Work to be completed >> Only some lines are wanted: please transcribe exactly those from the one containing "Avira System Speedup" through the end of the data, pictures excluded.

Listed entries >>

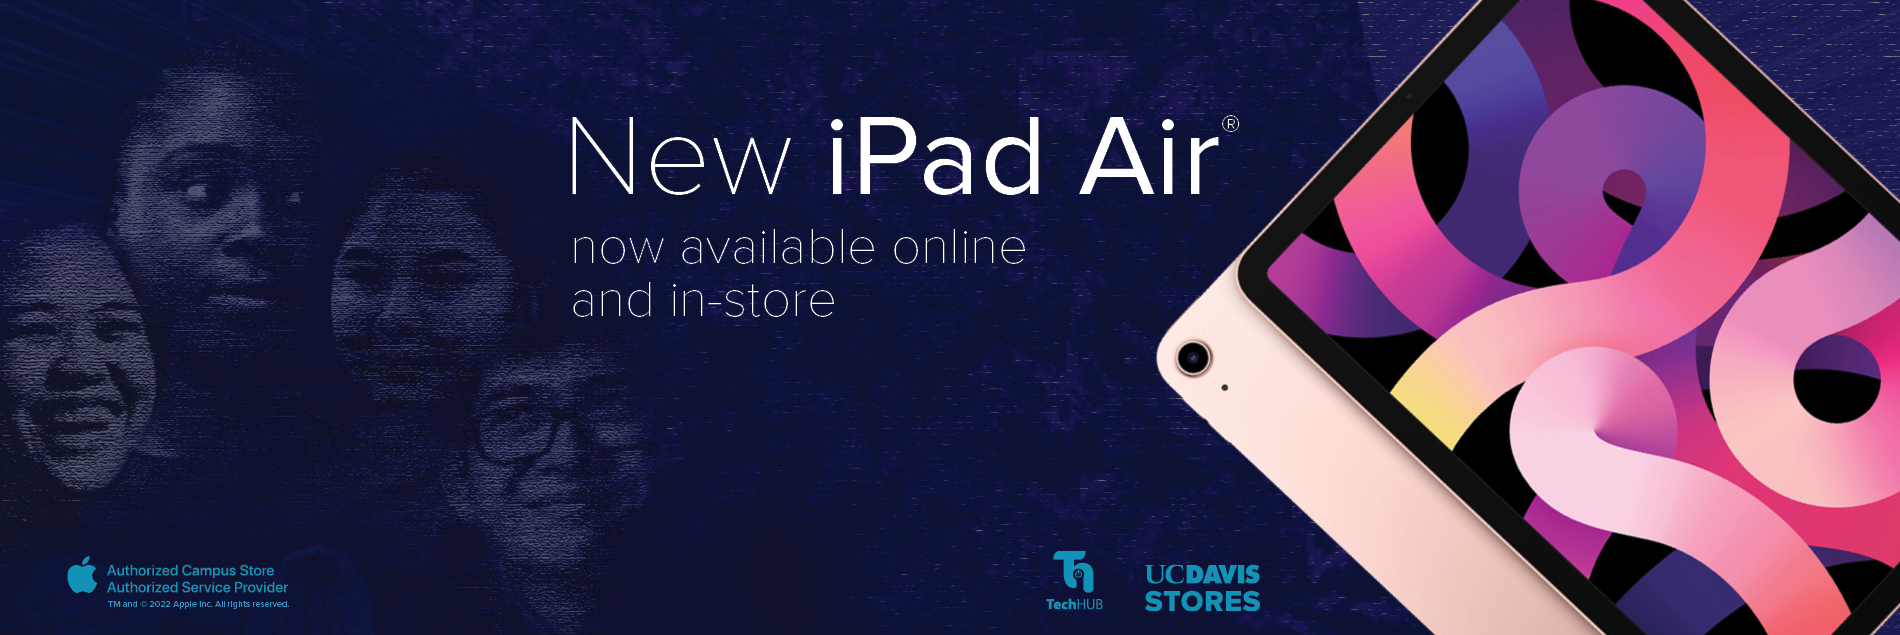 Apple iPad Air Promo
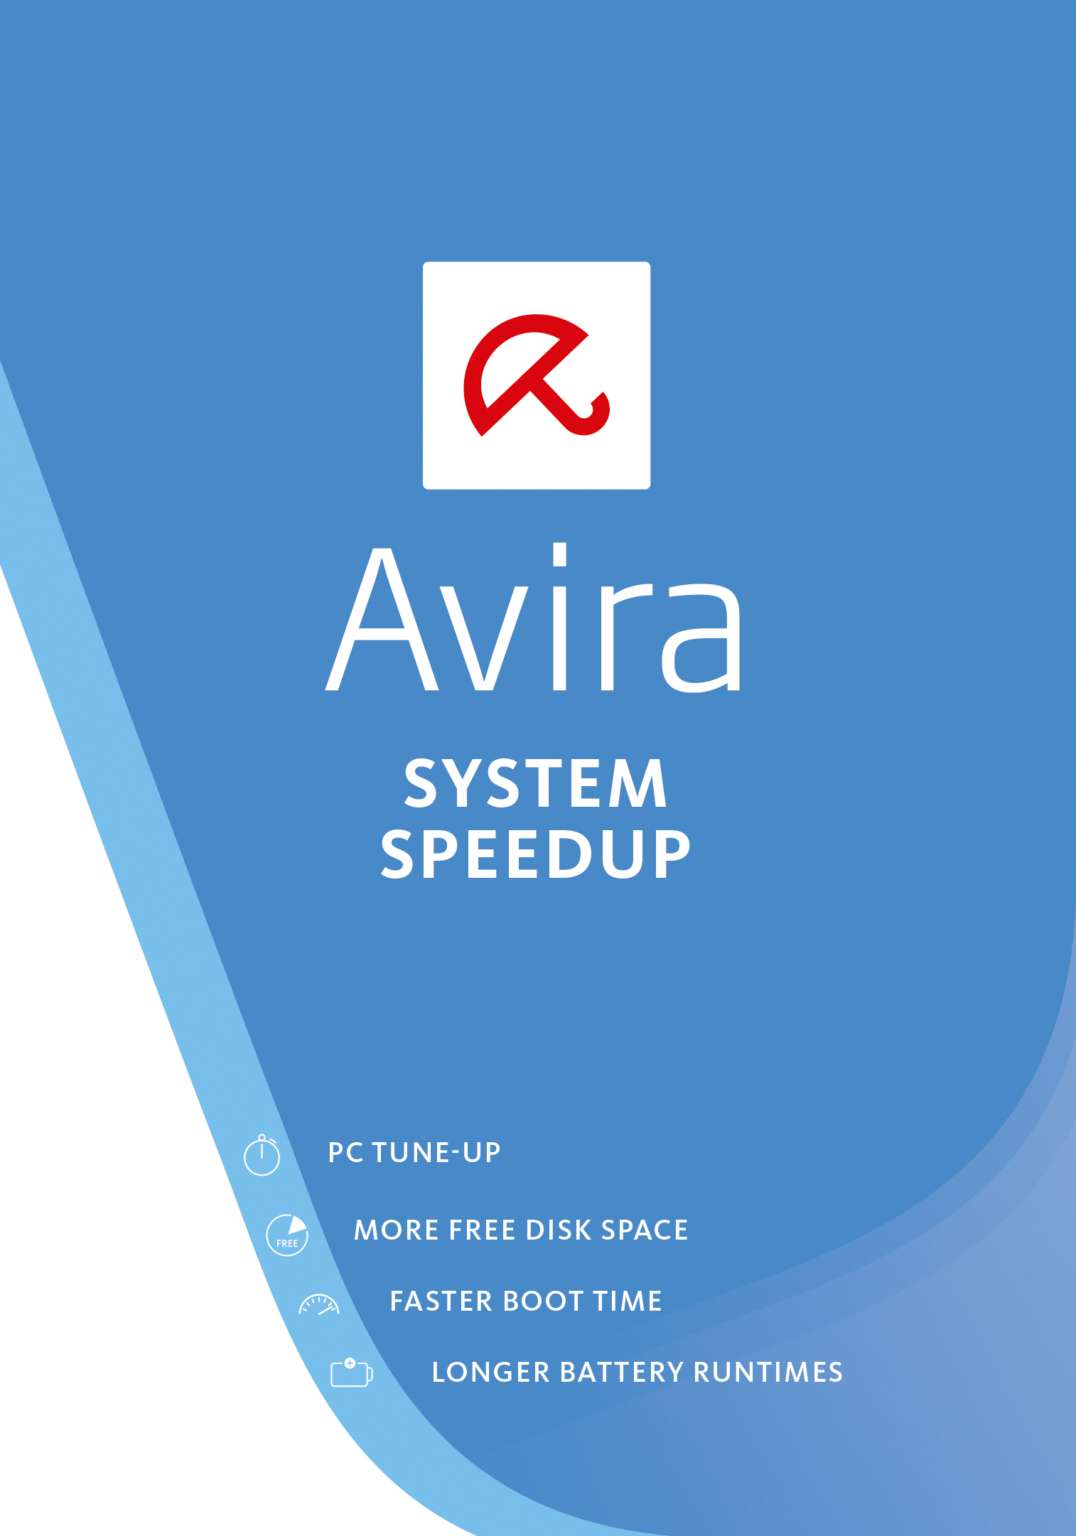 Avira System Speedup Pro 6.26.0.18 instal the new version for apple
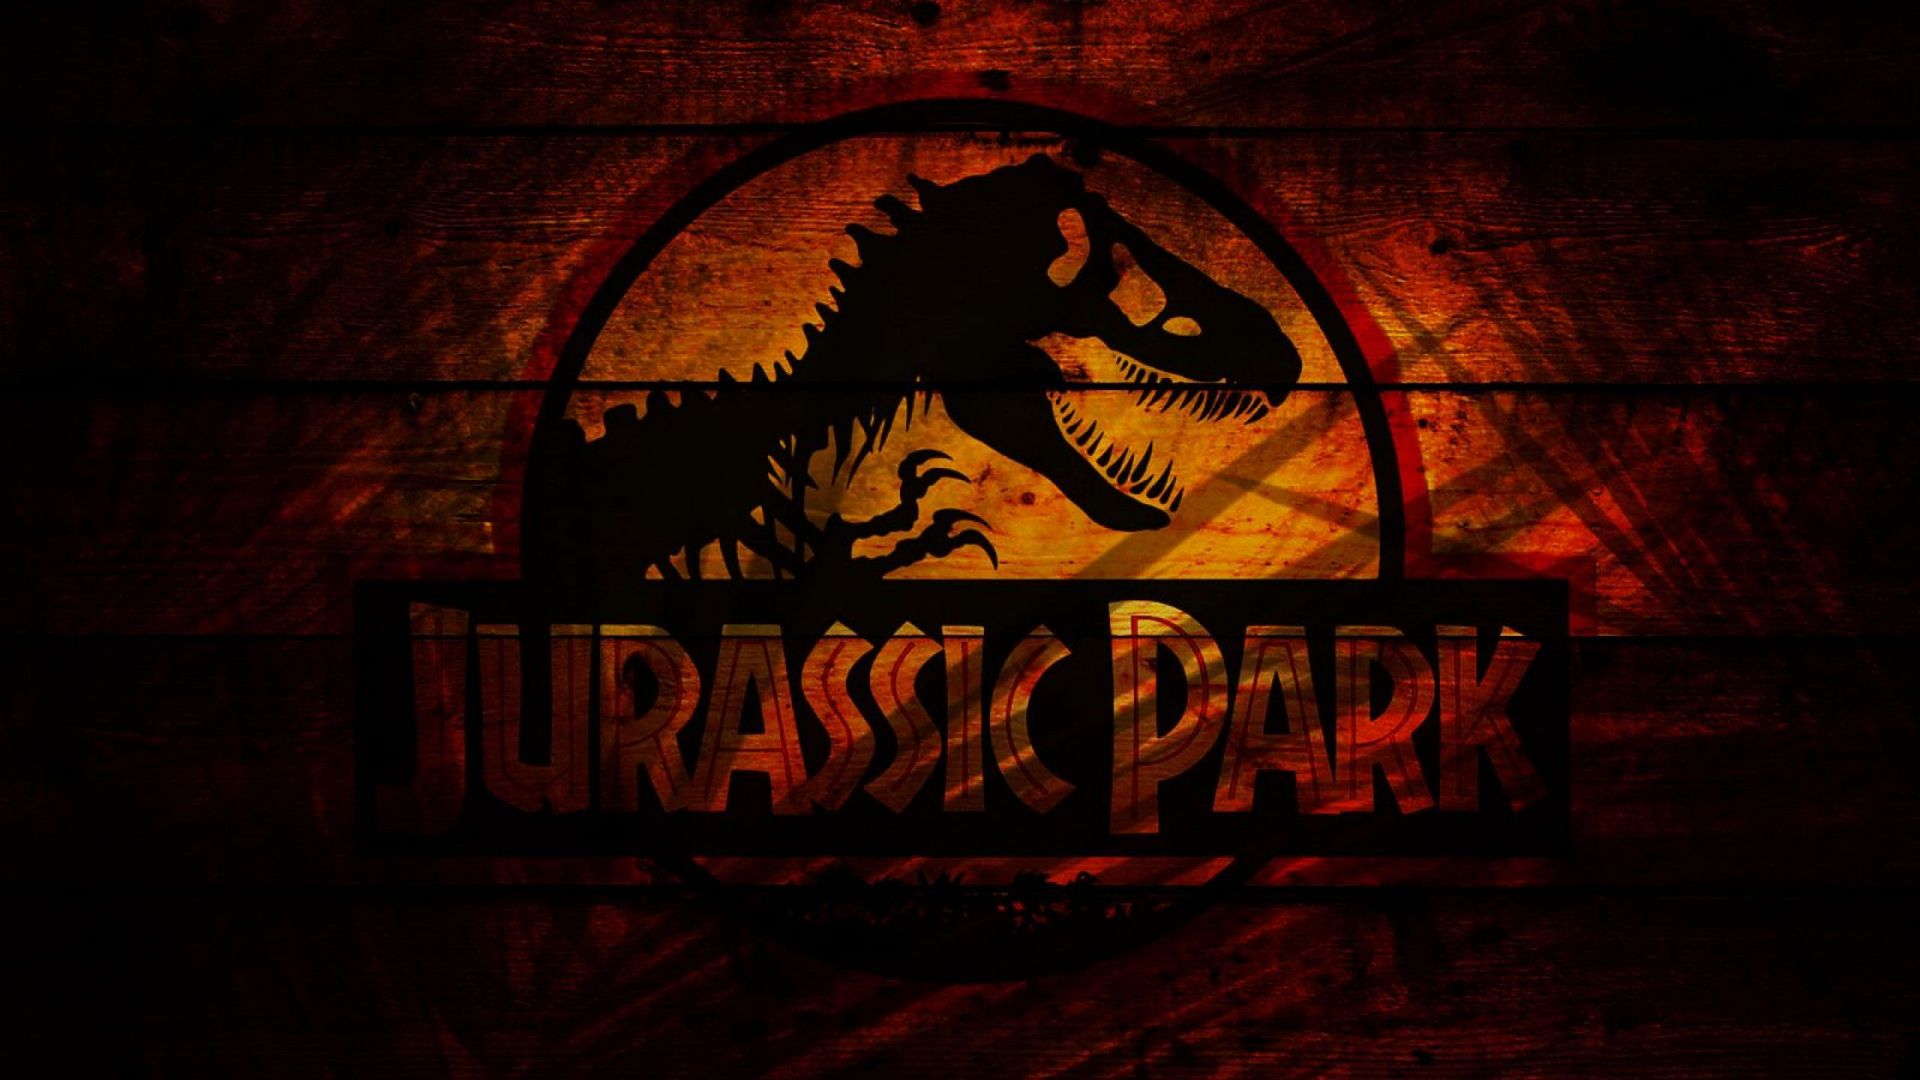 jurassic park screensaver free download
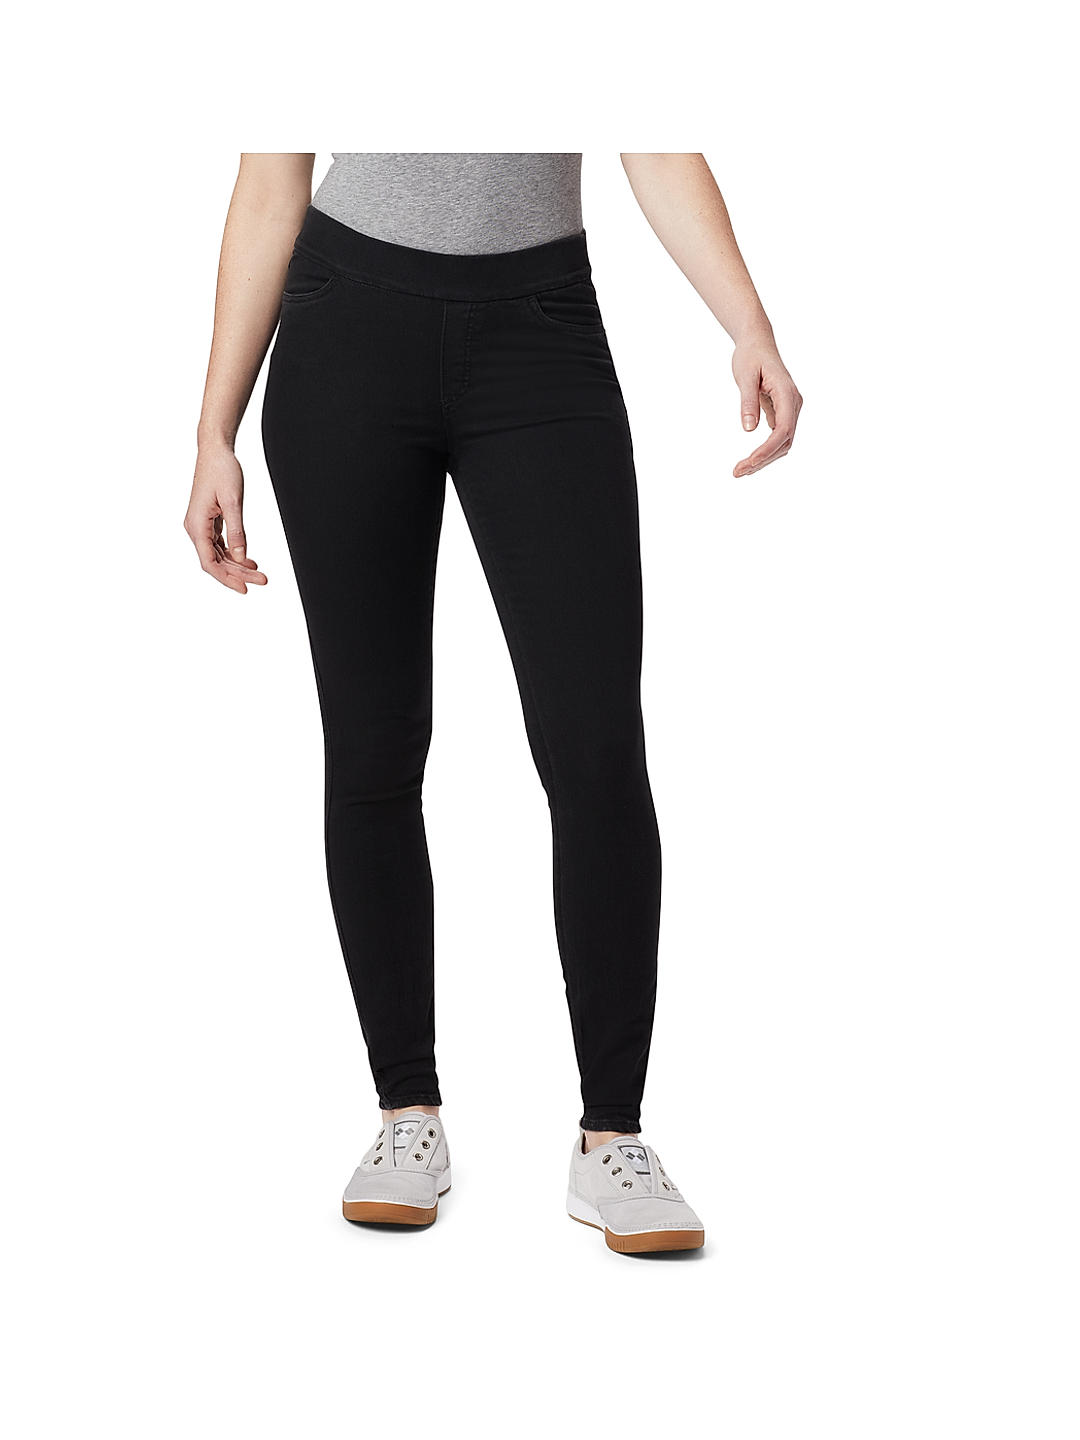 Buy Black Pinnacle Peak Twill Legging for Women Online at Columbia  Sportswear
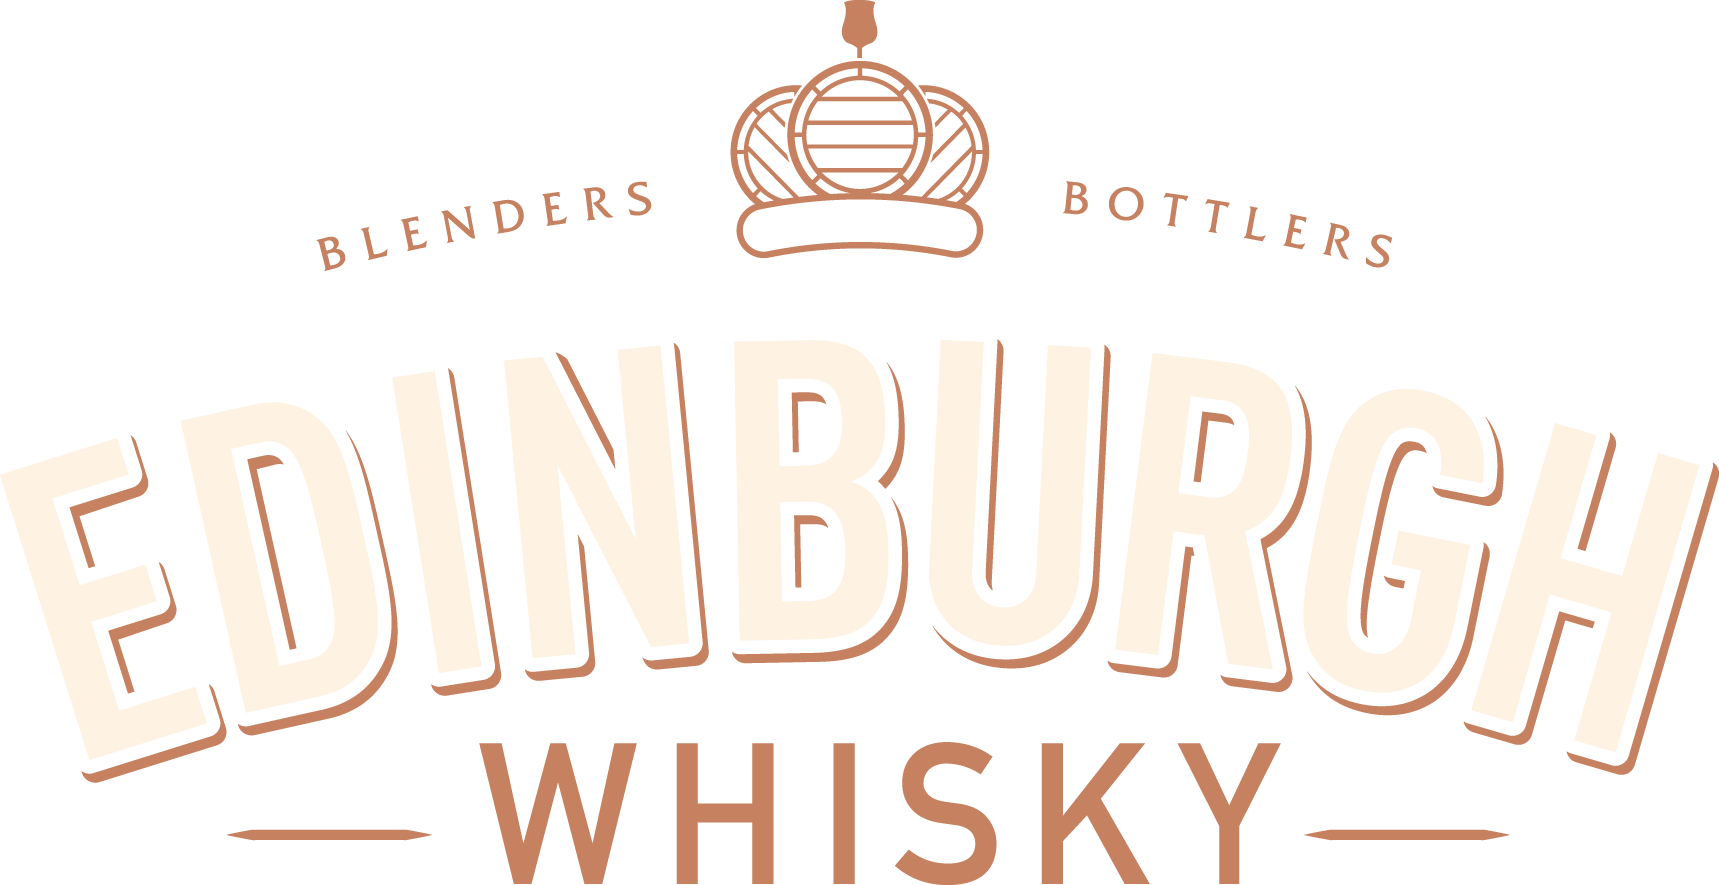 Edinburgh Whisky

Your response >>
 Avira System Speedup Pro 6.26.0.18 instal the new version for apple
 jurassic park screensaver free download
 Buy Black Pinnacle Peak Twill Legging for Women Online at Columbia  Sportswear
 Edinburgh Whisky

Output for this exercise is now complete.